América Latina se está moviendo en estos tiempos. O más que moverse: está que arde, está en estado de ebullición. En estos últimos días se dieron varios hechos que son una clara manifestación de repudio a las políticas socioeconómicas vigentes, comúnmente conocidas como neoliberalismo.
Éste, que en realidad es un brutal capitalismo sin anestesia, se viene aplicando en forma lapidaria en todo el mundo, con secuelas que muy probablemente persistan aún por un buen tiempo. Para describirlo, en pocas palabras podría decirse que consiste en un plan económico de acumulación fabulosa de riqueza por parte de un pequeño grupo de capitales con poder cada vez más creciente a nivel global, a costa del empobrecimiento inversamente proporcional de grandes masas de población, también a nivel de todo el planeta.
Dicho así, podría considerarse que se agota en un triunfo del mercado, de la lógica de la libre empresa contra la clase trabajadora y contra cualquier intento de estatización, destruyendo sin piedad también al medio ambiente, que es visto como una mercancía comercializable más. En otros términos: todo se privatiza, absolutamente todo es mercancía. Y la fuerza de trabajo, que también es una mercancía, pierde considerablemente valor ante el capital omnímodo.

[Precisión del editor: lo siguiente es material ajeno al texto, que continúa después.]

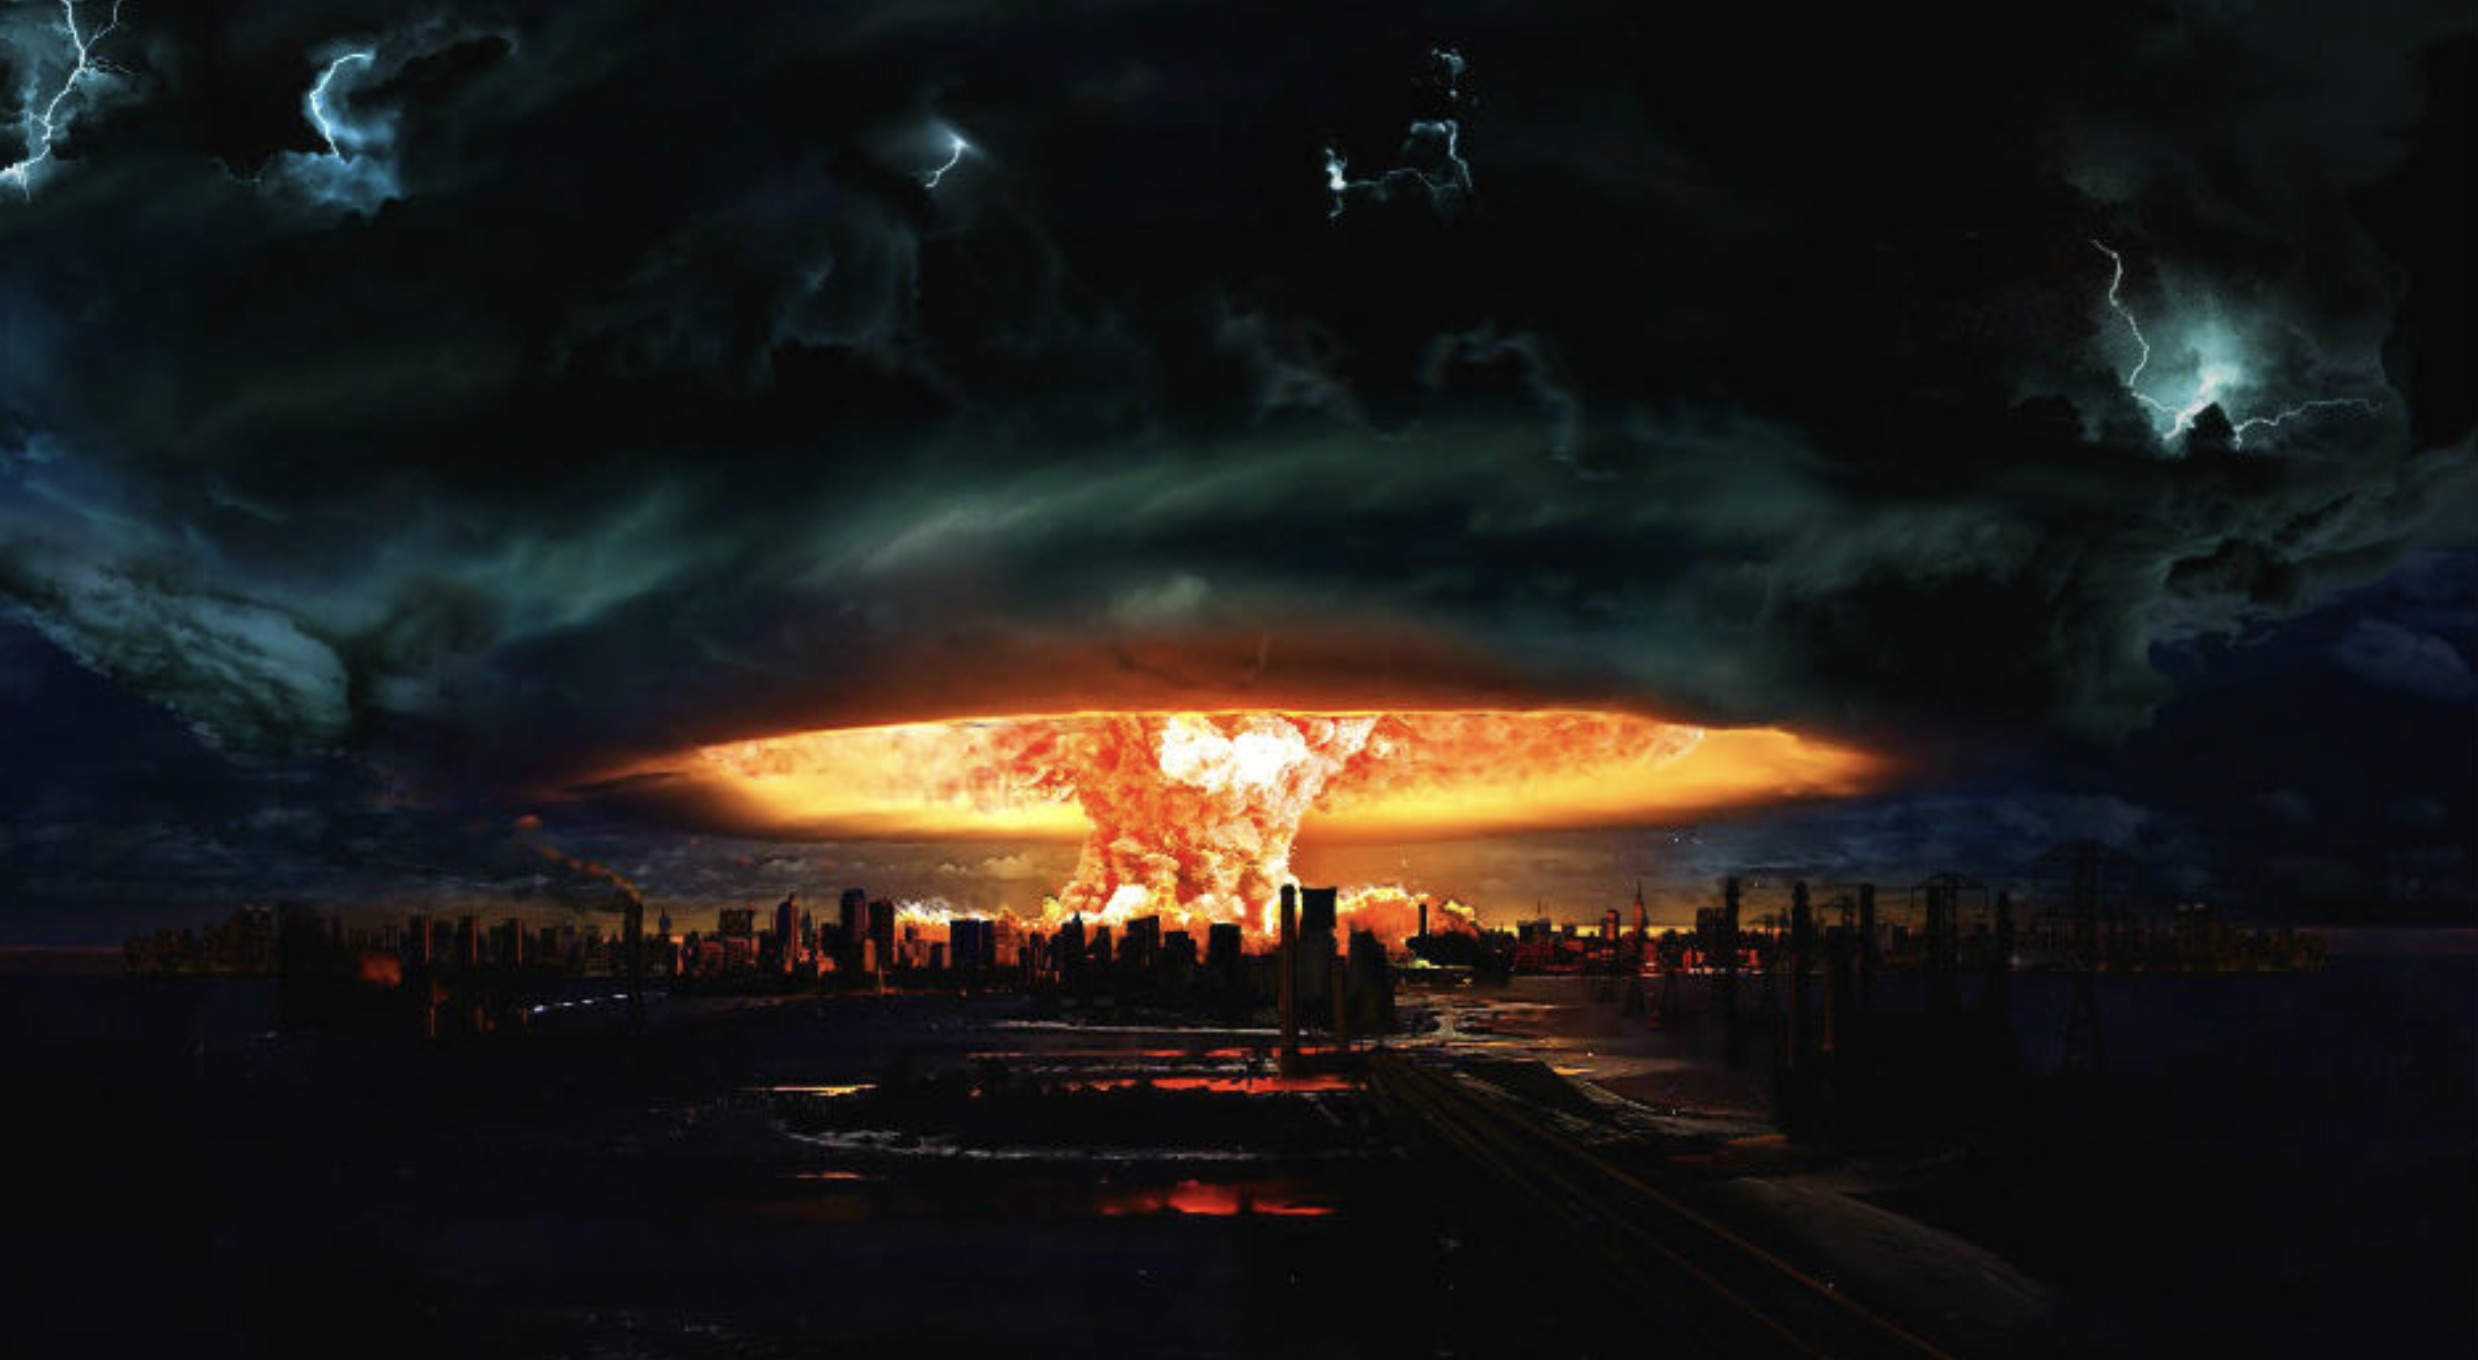 king-world-news-multi-billion-dollar-fund-managers-doomsday-prediction-sends-shockwaves-across-the-internet

Pero el neoliberalismo, en realidad, es algo mucho más complejo, más profundo. Después de los avances del campo popular en la primera mitad del siglo XX (revoluciones socialistas, organización sindical y popular, diversos procesos emancipatorios, liberación de colonias de sus metrópolis, avances sociales diversos), la reacción del sistema capitalista fue brutal. Ahí es donde surgen estas políticas, iniciadas en Chile en la década de los 70 del siglo XX de la mano de la dictadura de Augusto Pinochet (laboratorio de pruebas), extendidas luego a prácticamente todo el mundo.
Sus íconos representativos en los inicios fueron Ronald Reagan y Margaret Thatcher. Los organismos crediticios internacionales: Fondo Monetario Internacional y Banco Mundial, brazos operativos de la gran banca mundial que maneja las finanzas globales, se constituyeron en los verdaderos mandamases planetarios. ¿Qué persiguen estos planes? No solo acumular cada vez más riqueza en un reducido grupo de poderosos capitalistas sino, además, y quizá fundamentalmente, acallar todo tipo de protesta, de disenso, de posibilidad de transformación de lo ya establecido. La idea final es desarticular las luchas populares, empobrecer, hacer retroceder todas las conquistas ganadas en décadas de lucha. En otros términos: desaparecer las esperanzas de cambio.
La palabra «comunismo» pasó a ser la peor blasfemia, impronunciable, anatematizada por siempre.
Toda esta detención de las luchas se ha logrado parcialmente de momento. Con la desintegración de la Unión Soviética y la desaparición del campo socialista europeo, el capital se sintió vencedor. «La historia ha terminado», pudo gritar exultante uno de sus conspicuos voceros, el ideólogo Francis Fukuyama. El golpe recibido por la clase trabajadora internacional fue tremendo. Las iniciativas impuestas por los organismos crediticos de Bretton Woods fueron las directivas que marcaron –y siguen marcando– el rumbo de las sociedades, en lo económico y en lo político. Los capitales globales, estadounidenses en mayor medida, marcan el paso. Solo Rusia y China escapan a esa lógica; por lo demás, todo el mundo se alineó con los ajustes anti-estatales, con la precarización laboral y con un discurso pro empresarial (ya no hay «trabajadores» sino «colaboradores»).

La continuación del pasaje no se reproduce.